- [WHAT IS EXPECTED]: Instruction for the data below: set down exactly the lines from the line with "Star Trek Library Collection Vol 1 TP" to the line with "#DNA provides unique", inclusive, and no others.

- [RECORDED DATA]:
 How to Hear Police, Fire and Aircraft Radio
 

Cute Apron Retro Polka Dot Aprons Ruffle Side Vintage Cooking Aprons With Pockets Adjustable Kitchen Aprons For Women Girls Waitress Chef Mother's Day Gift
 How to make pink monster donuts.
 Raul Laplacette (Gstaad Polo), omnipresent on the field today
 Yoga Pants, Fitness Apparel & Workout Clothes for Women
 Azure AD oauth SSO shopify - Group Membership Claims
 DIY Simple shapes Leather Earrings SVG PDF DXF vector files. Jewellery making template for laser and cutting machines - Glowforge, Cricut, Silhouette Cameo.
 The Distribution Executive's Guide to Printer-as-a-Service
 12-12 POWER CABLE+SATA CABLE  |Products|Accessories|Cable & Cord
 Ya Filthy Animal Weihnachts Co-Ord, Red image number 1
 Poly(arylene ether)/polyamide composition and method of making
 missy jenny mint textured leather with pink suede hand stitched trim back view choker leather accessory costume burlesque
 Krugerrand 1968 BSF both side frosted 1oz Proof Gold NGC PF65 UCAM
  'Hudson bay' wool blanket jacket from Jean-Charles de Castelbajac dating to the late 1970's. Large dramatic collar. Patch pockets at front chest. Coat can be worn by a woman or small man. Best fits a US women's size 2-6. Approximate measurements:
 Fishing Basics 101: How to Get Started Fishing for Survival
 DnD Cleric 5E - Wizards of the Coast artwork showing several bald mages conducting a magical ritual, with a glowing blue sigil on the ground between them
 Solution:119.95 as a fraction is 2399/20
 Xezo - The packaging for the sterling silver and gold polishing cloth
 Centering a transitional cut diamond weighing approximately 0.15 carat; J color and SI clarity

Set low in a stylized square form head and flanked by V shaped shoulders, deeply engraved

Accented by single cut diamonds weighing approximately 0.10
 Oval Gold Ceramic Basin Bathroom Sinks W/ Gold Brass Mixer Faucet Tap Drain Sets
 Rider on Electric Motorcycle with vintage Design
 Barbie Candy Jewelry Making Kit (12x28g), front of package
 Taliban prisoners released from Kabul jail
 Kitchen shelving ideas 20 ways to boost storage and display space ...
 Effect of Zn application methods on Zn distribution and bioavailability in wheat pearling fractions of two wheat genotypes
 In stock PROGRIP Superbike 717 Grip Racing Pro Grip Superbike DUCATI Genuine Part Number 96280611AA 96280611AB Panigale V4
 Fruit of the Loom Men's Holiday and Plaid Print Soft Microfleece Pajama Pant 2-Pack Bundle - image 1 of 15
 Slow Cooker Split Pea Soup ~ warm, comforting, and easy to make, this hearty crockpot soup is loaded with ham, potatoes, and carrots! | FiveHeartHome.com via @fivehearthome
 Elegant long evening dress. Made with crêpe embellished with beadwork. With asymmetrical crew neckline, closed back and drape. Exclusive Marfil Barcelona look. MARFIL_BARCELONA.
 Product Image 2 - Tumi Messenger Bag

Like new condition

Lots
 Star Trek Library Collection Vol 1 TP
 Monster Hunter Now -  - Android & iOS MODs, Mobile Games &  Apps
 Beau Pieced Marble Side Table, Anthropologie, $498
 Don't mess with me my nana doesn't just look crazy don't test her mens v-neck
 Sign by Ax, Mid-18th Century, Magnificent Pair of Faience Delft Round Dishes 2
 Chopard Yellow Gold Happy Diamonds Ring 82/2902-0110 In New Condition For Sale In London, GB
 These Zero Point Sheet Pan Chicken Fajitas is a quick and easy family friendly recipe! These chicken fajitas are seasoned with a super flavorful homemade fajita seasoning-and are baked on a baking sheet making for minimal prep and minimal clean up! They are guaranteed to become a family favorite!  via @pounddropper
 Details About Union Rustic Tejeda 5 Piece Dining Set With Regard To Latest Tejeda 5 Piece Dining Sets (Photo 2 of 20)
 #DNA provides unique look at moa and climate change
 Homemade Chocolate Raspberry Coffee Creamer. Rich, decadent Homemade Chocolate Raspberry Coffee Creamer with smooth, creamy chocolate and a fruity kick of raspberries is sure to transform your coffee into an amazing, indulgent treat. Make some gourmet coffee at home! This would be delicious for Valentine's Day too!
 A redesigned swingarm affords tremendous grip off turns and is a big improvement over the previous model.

- [ANSWER TO THE PROBLEM]:
 Star Trek Library Collection Vol 1 TP
 Monster Hunter Now -  - Android & iOS MODs, Mobile Games &  Apps
 Beau Pieced Marble Side Table, Anthropologie, $498
 Don't mess with me my nana doesn't just look crazy don't test her mens v-neck
 Sign by Ax, Mid-18th Century, Magnificent Pair of Faience Delft Round Dishes 2
 Chopard Yellow Gold Happy Diamonds Ring 82/2902-0110 In New Condition For Sale In London, GB
 These Zero Point Sheet Pan Chicken Fajitas is a quick and easy family friendly recipe! These chicken fajitas are seasoned with a super flavorful homemade fajita seasoning-and are baked on a baking sheet making for minimal prep and minimal clean up! They are guaranteed to become a family favorite!  via @pounddropper
 Details About Union Rustic Tejeda 5 Piece Dining Set With Regard To Latest Tejeda 5 Piece Dining Sets (Photo 2 of 20)
 #DNA provides unique look at moa and climate change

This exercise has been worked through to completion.